August 24, 2021

    Misconceptions about Mobile Platform Security

    Many developers rely on the belief that their apps cannot be tampered with. They often lean on in-app purchases or ads to monetize their work and rely on a certain security level to provide a fun and safe playing environment to their customers. So if applications are modified, or in-app security checks can be bypassed, it can create a slew of challenges, ranging from security issues for developers and end users to impacting brand reputation and causing public relations problems.

    Basically, developers can lose customers and revenue.

    So what platform is more secure? It is generally known that Android applications are relatively easy to reverse engineer and can be modified by malicious actors. But it is a common misconception that the Apple iOS platform is inherently more secure in this respect. In general, applications on iOS are just as susceptible to being tampered with as ones on Android.

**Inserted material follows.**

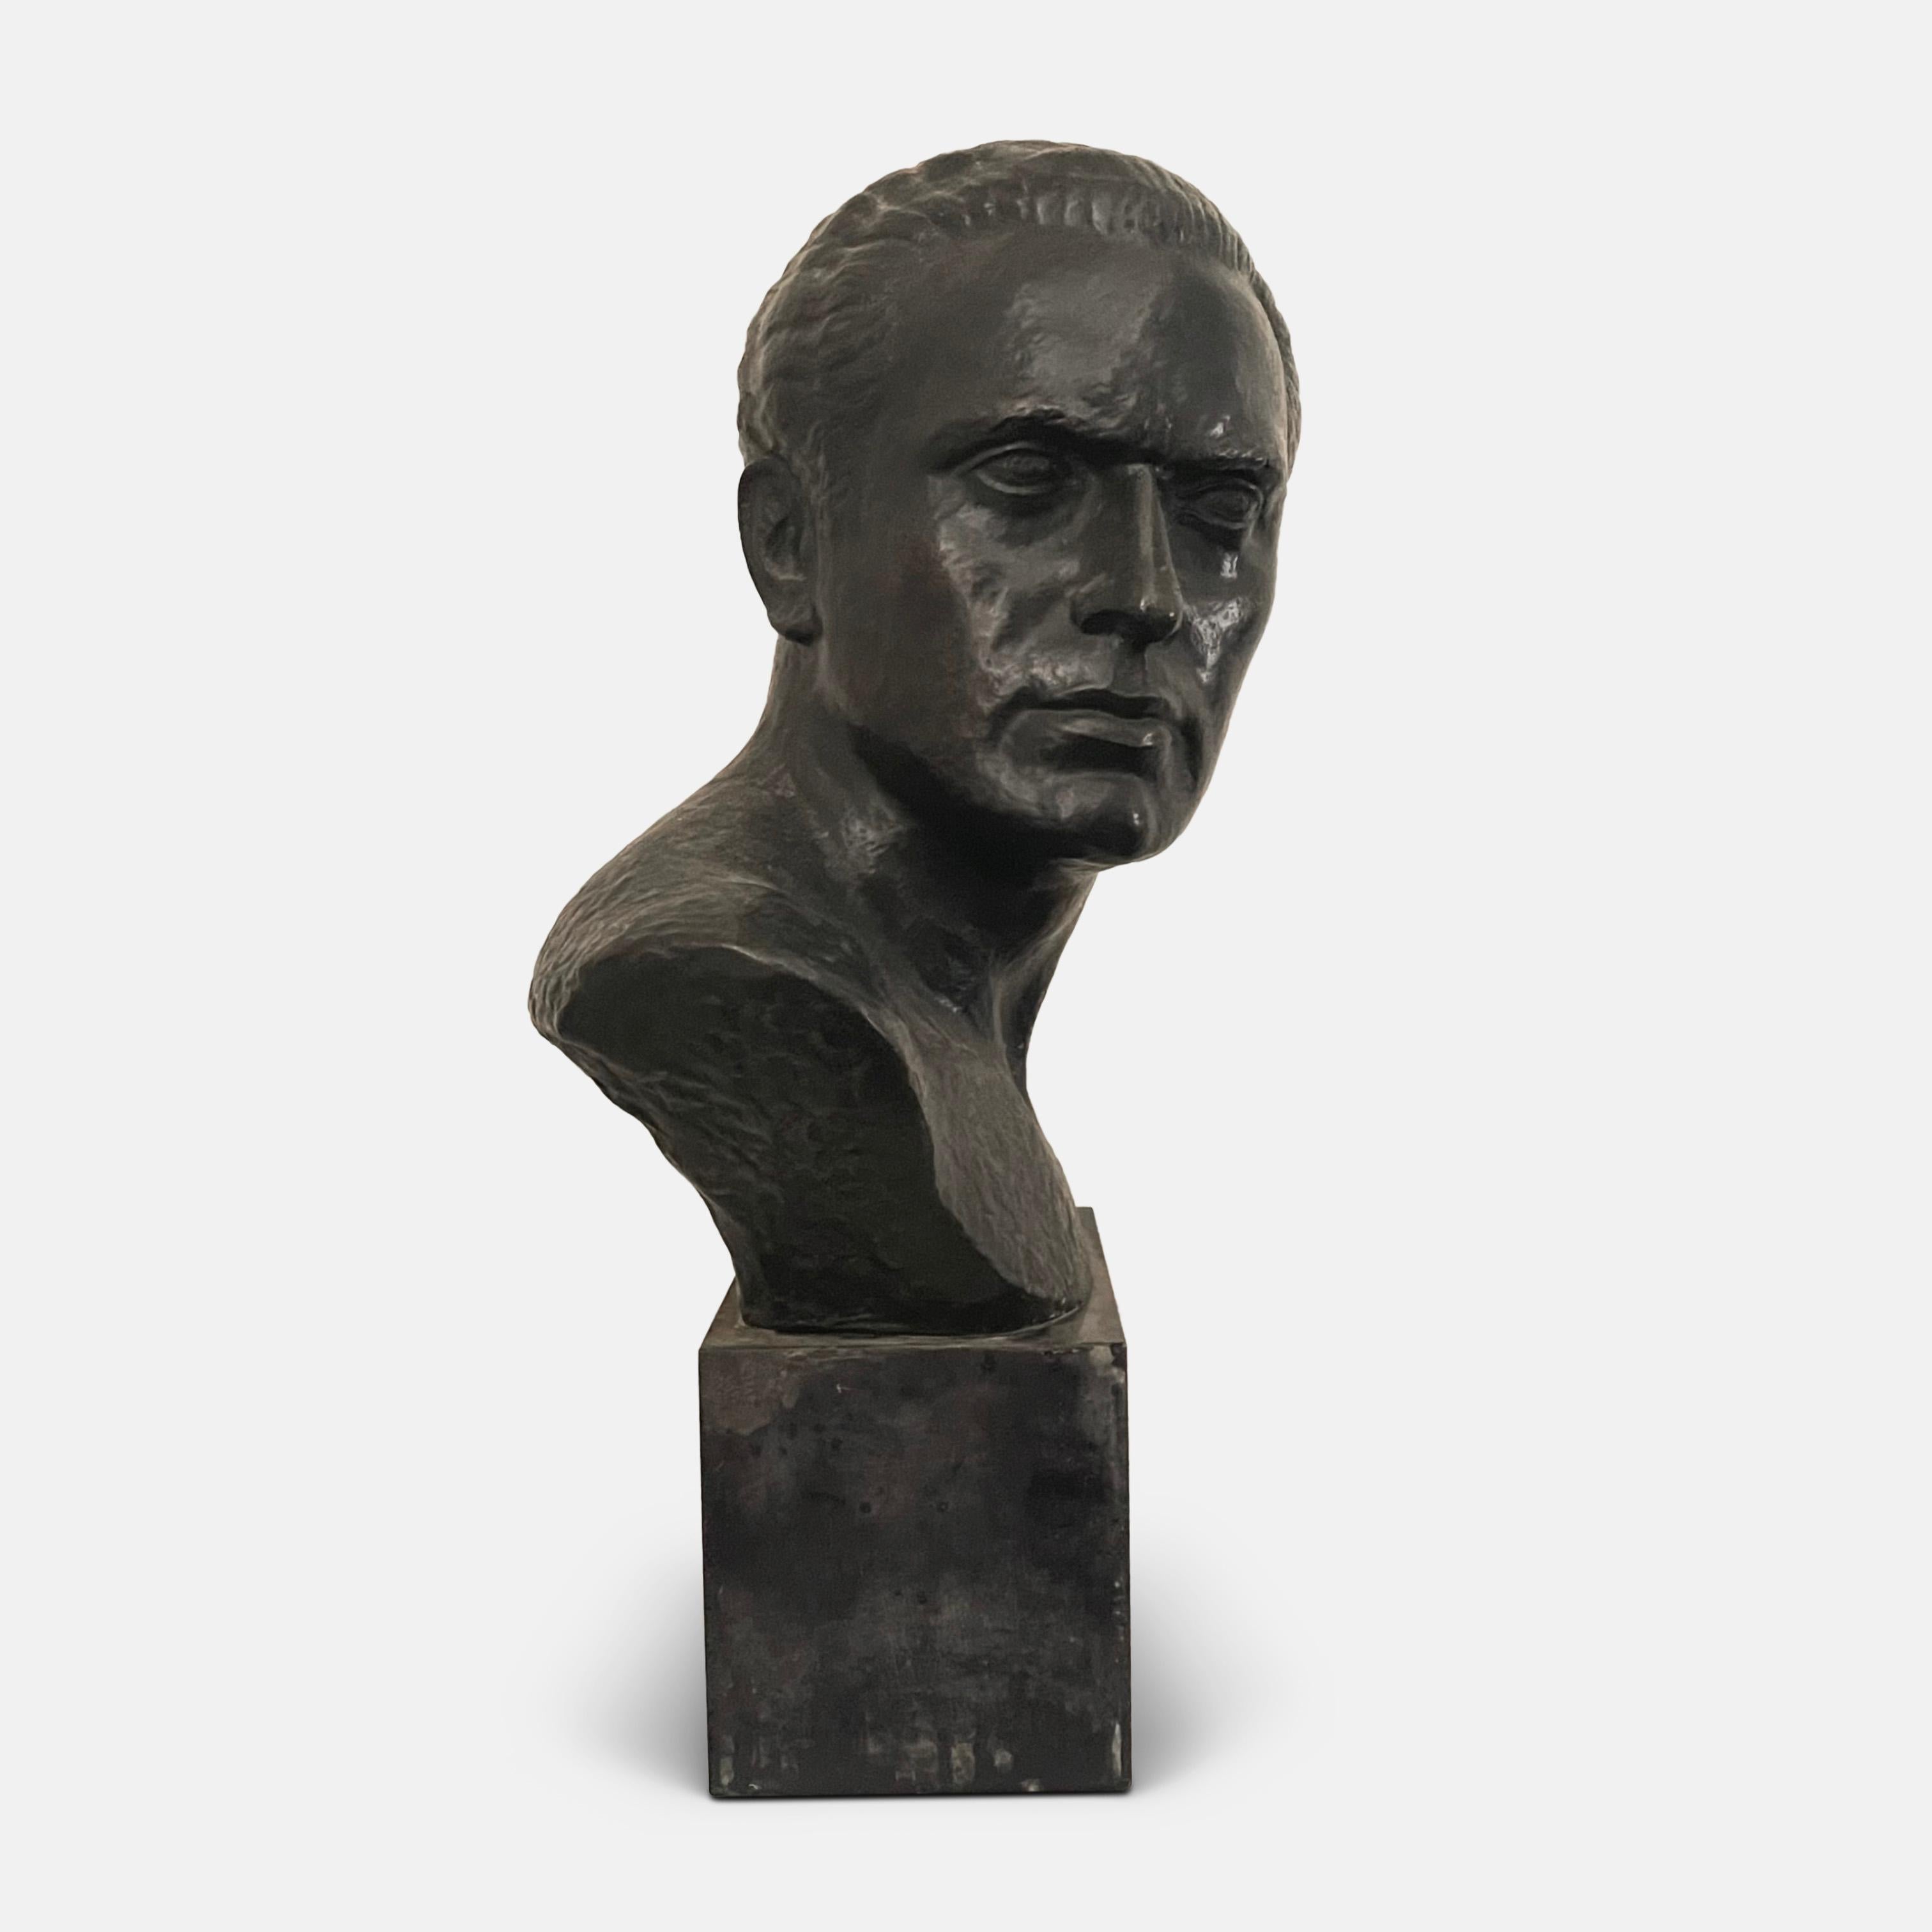 Mid-20th Century French Art Deco Bust of Jean Mermoz, Aviator - Cast in Bronze by Lucien Gibert For Sale
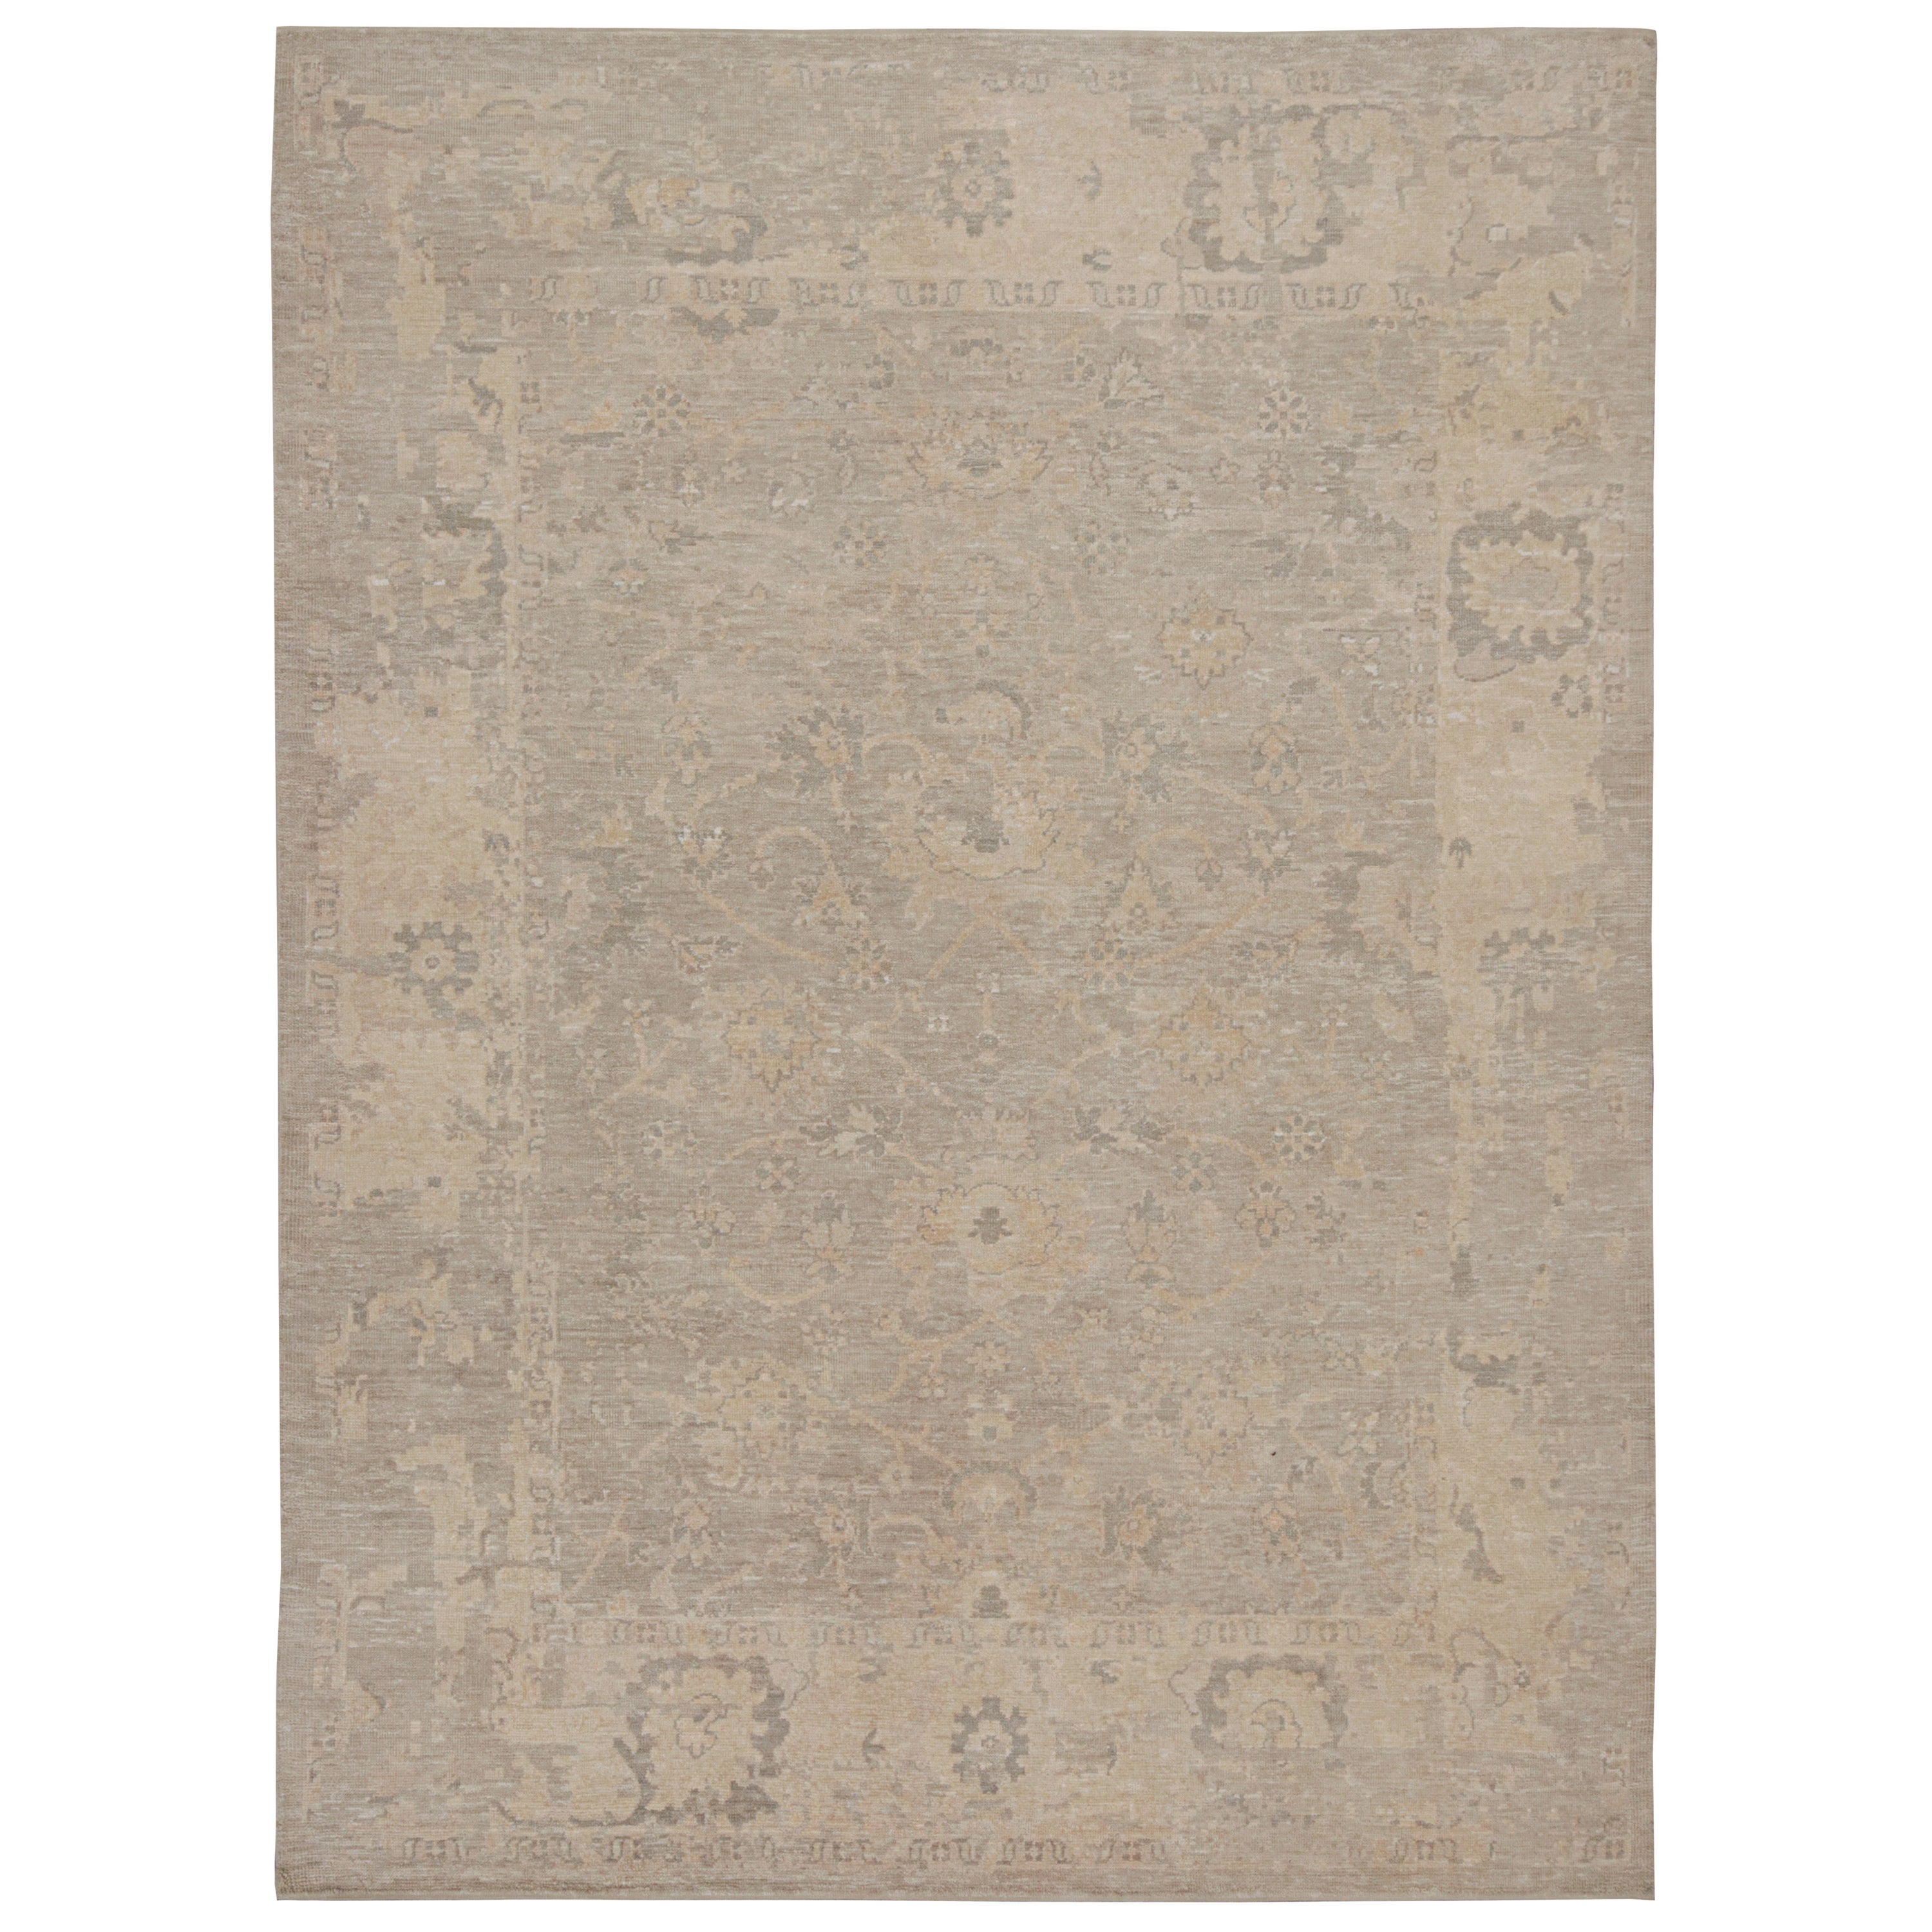 Rug & Kilim’s Oushak Style Rug with Taupe, Beige and Gray Floral Patterns For Sale

    Both Android and iOS platforms contain multiple strong security features, such as biometric authentication, secure local storage, and a permission system. But it’s important to note that those techniques — and even the more technical ones, like codesigning and sandboxing — are primarily focused on protecting the end-user, not the app itself.

    To demonstrate the misconceptions of mobile platform security, we will patch out the ads from an existing application on each platform and repackage them. We will also show how in-app purchase implementations can be bypassed with relative ease.

    Proof of concept: Tampering with “Flashlight” apps

    In this section we will show that, on both platforms, we can easily disable advertisements and fake purchases on both platforms using the following techniques:

    • Download the application to a computer to analyze where sensitive logic might reside.
    • Patch certain code and repackage the application, then run the modified version on a device.
    • Modify application logic while the application is running on the device, without the need to repackage it.

    By using these techniques, an attacker can expose the application developer to the previously mentioned risks.

    To show the limitations of the built-in platform security, we looked at some of the free “Flashlight” applications available for both platforms. These apps can be used to toggle the built-in flashlight and typically have an in-app purchase option to remove ads. They will serve as an example to show how these attacks are done in practice.

    iOS Flashlight app

    Android Flashlight app

    Our proof of concept consists of three parts: analyzing the apps, statically patching out the ads, and bypassing in-app purchases dynamically for both applications.

    Analyzing the apps

    First, we want to analyze the apps to figure out how the ads are loaded. To do this, we first need to download the apps to our computer.

    For iOS, we use the frida-ios-dump tool to retrieve the application from a device. For Android, we can pull it from a device in the same way, or use one of the numerous online tools, like, which we used in this blog post. This gives us an IPA file for iOS and an APK file for Android.

    To analyze the internal logic of applications, typically a disassembler is used and optionally a decompiler.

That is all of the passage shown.